Prediction of Porosity and Hot Tearing in Direct Chill Casting of AZ31 Magnesium Alloy

• Published in: Transactions of the Indian Institute of Metals Vol. 76; no. 6; pp. 1509 - 1516
• Main Authors: Sai Divya, P. V., Penumakala, P. K., Nallathambi, A. K.
• Format: Journal Article
• Language: English
• Published: New Delhi Springer India 01.06.2023; Springer Nature B.V
• Subjects: Billet casting; Bottom casting; Casting; Chemistry and Materials Science; Corrosion and Coatings; Deformation; Direct chill casting; Heat treating; Liquid metals; Magnesium base alloys; Materials Science; Metallic Materials; Mushy zones; Original Article; Pore formation; Porosity; Shrinkage; Solidification; Strain distribution; Strain rate; Tearing; Tribology; Porosity; Secondary cooling; Direct chill casting; Magnesium alloys; Hot tearing; Solidification shrinkage
• ISSN: 0972-2815; 0975-1645
• DOI: 10.1007/s12666-022-02838-5

Hot tears that occur in the mushy zone is a major challenge for the direct chill (DC) casting process.

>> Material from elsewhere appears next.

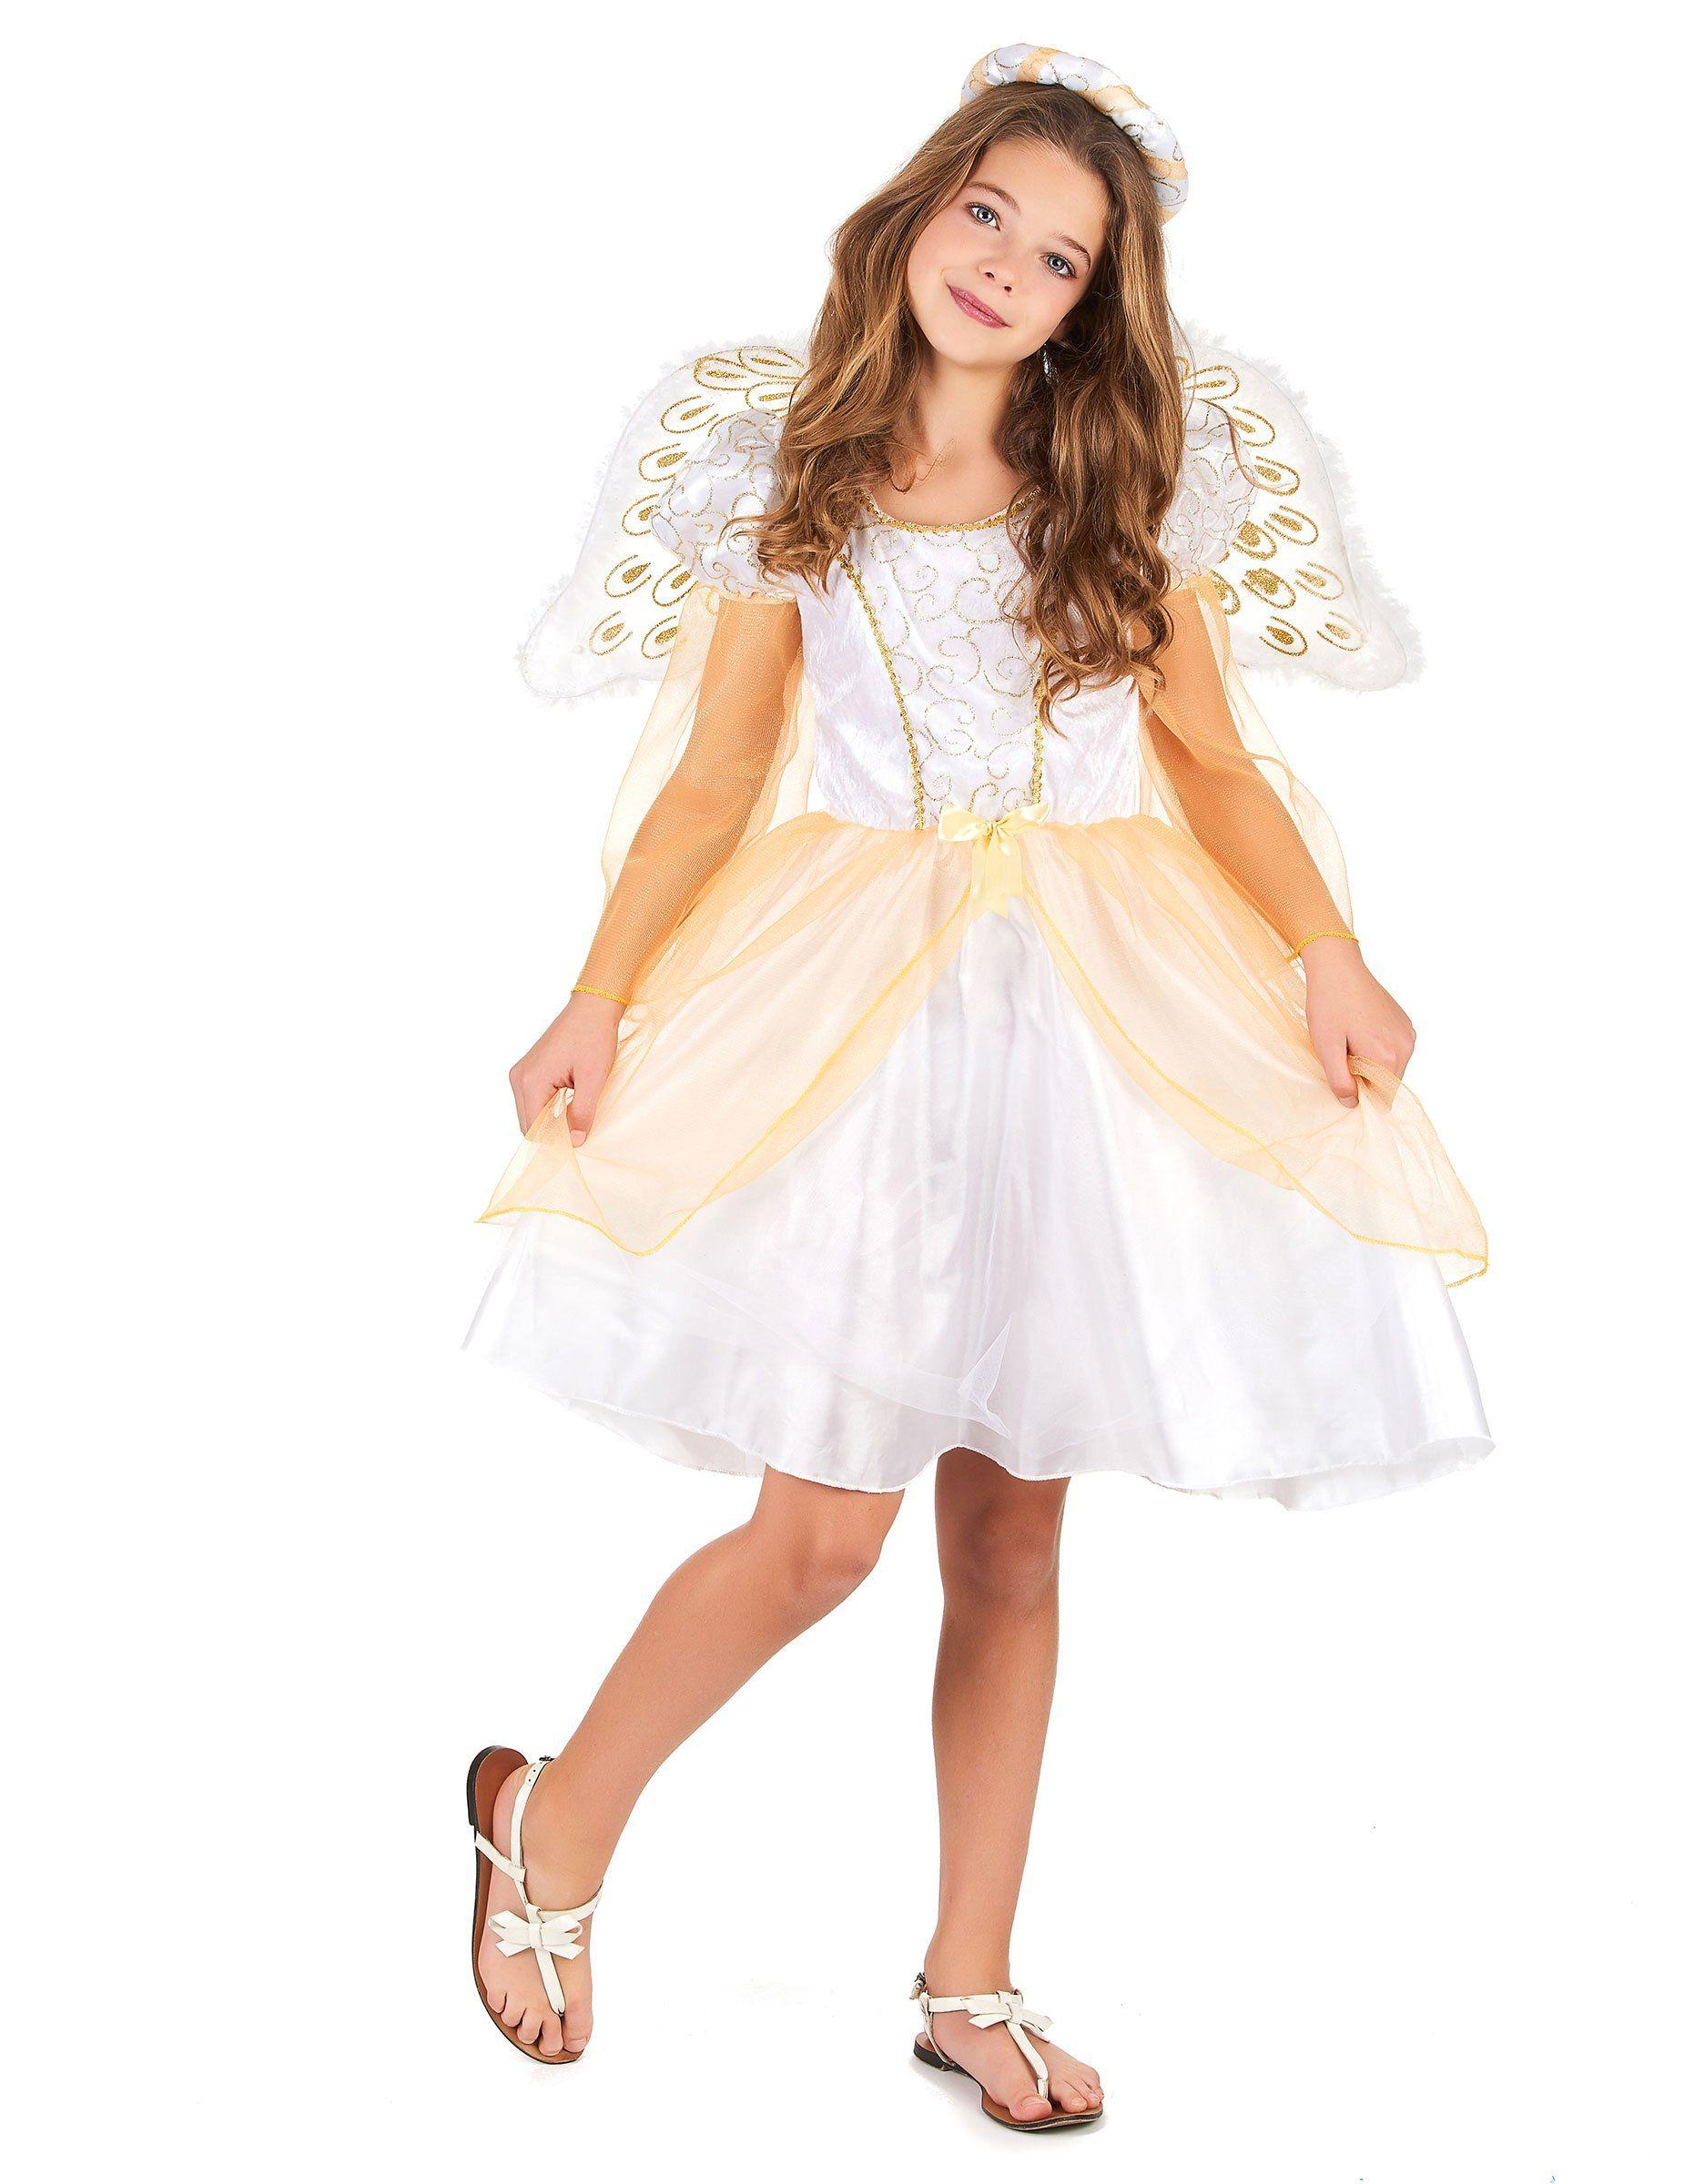 7a2d3bafa Disfraz de ángel para niña   ANGELES   Girls angel costume ...

During solidification, absence of liquid metal flow to compensate for solidification shrinkage and deformation beyond certain solid fraction results in pore formation. The pore growth under imposed strain rate is related to hot tearing. In this study, pore fraction based hot tearing model is applied to DC casting of AZ31 billet to assess the hot tearing sensitivity. The pore fractions related to the shrinkage and deformation are calculated using the dimensionless Niyama criterion ( Ny *) proposed by Monroe (J Mater Sci 8:1439–1445, 2014). Temperature and strain distribution obtained using a macroscale axis-symmetric FEM model of a DC cast billet are used to predict pore fractions. Maximum porosity is observed at the centre and locations closer to the bottom of the billet. The study on the effect of casting speed upon pore fraction indicates greater susceptibility to hot tearing at higher casting speeds.